Using python to compare differences in strings from an input fastq file

216 views Asked by At

I would like to edit a sequencing Fastq file, and delete lines that are repetitive only at certain character positions. Ideally I would iterate over every line in the input file and output a file that has only a single instance of any unique set of characters.

So as shown below. I am only interested at looking at the first 6 chars, last 6 chars, and a portion of the intervening chars of every line, and keep only one instance of each unique combination of the three sequences.

AAAAAACCCCCCCCCCCCTTTTTTTTTTCCCCCCCCAAAAAA    Start by comparing to this line
AAAAAACCCAAACCCCCCTTTTTTTTTTCCCCCCCCAAAAAA    1-6, 19-28, 37-42 are same, so delete
AAAAAACCCCCCCCCCCCTTTTTTTTTTCCCAAACCAAAAAA    1-6, 19-28, 37-42 are same, so delete
TTTTTTCCCCCCCCCCCCTTTTTTTTTTCCCCCCCCAAAAAA    1-6 and 36-42 are same but 37-42 are different so keep

As shown in the above example if we take a file that only contains 4 lines, and i am looking at chars 1-6, 19-28, 37-42, lines 2 and 3 would be deleted, or not output to an output file because they have the same characters at each desired postion, but because line 4 is different it will not be deleted.

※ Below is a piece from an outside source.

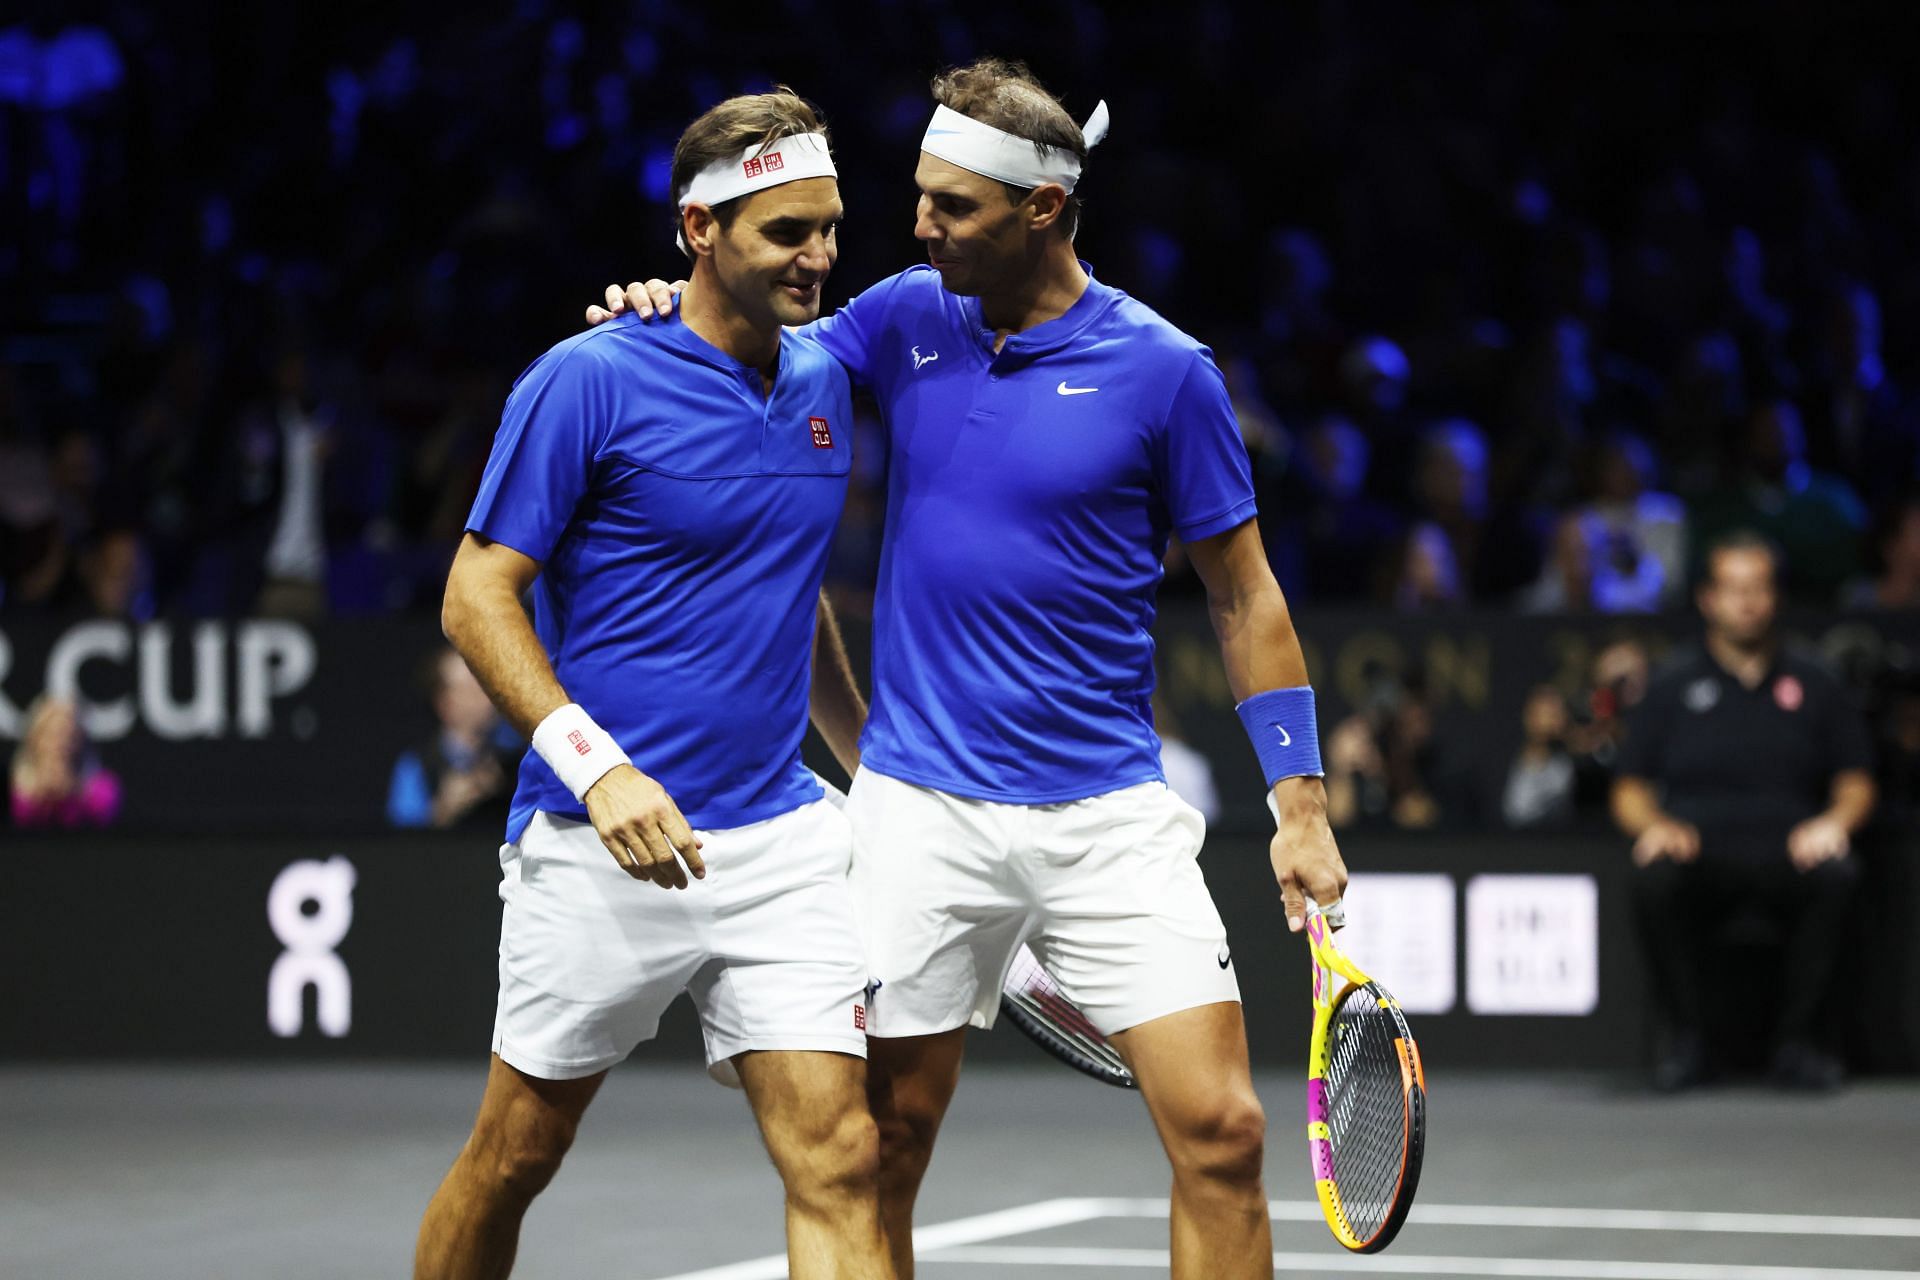 Roger Federer played the final match of his career alongside Rafael Nadal

I have started with this the following code, and my idea is to set each position to a variable (but I don't know have to get intervening sequence), and then compare with each line as we iterate through the input file.

with open(current_file, 'r') as f:
    next(f)
    for line in f:
        start = line[:6]
        end = line[-7:]

If it helps, these files are also 5-10GB, so not tiny. I would appreciate any help. Thanks.

2

There are 2 answers

2
iayork On

A simple approach is to use a dictionary with a key made out of the sections you want to compare. Each new instance will simply overwrite the last one and you'll save unique instances. For the examples you give:

a = 'AAAAAACCCCCCCCCCCCTTTTTTTTTTCCCCCCCCAAAAAA'    #Start by comparing to this line
b = 'AAAAAACCCAAACCCCCCTTTTTTTTTTCCCCCCCCAAAAAA'    #1-6, 19-28, 37-42 are same, so delete
c = 'AAAAAACCCCCCCCCCCCTTTTTTTTTTCCCAAACCAAAAAA'    #1-6, 19-28, 37-42 are same, so delete
d = 'TTTTTTCCCCCCCCCCCCTTTTTTTTTTCCCCCCCCAAAAAA'    #1-6 and 36-42 are same but 37-42 are different so keep
save_dict = {}
for fastq in (a,b,c,d):
    save_dict['%s%s%s' % (fastq[:6], fastq[19:28], fastq[37:42])] = fastq

ends up with save_dict containing

{'AAAAAACTTTTTTTTTCAAAAA': 'AAAAAACCCCCCCCCCCCTTTTTTTTTTCCCAAACCAAAAAA',
 'TTTTTTCTTTTTTTTTCAAAAA': 'TTTTTTCCCCCCCCCCCCTTTTTTTTTTCCCCCCCCAAAAAA'}

(Check the indexes, I may have not included the ones you're after)

1
James On

Here is a script that does the following: Pull the elements from each line as a combined string, check it against a list of combined string it has already seen, add the line to a list if it is a new instance.

with open('path/to/file', 'r') as f:
    lineCharsList = []
    outLines = []
    for line in f:
        lineChars = line[0:6]+line[18:28]+line[36:42]
        if not (lineChars in lineCharsList):
            lineCharsList.append(lineChars)
            outLines.append(line)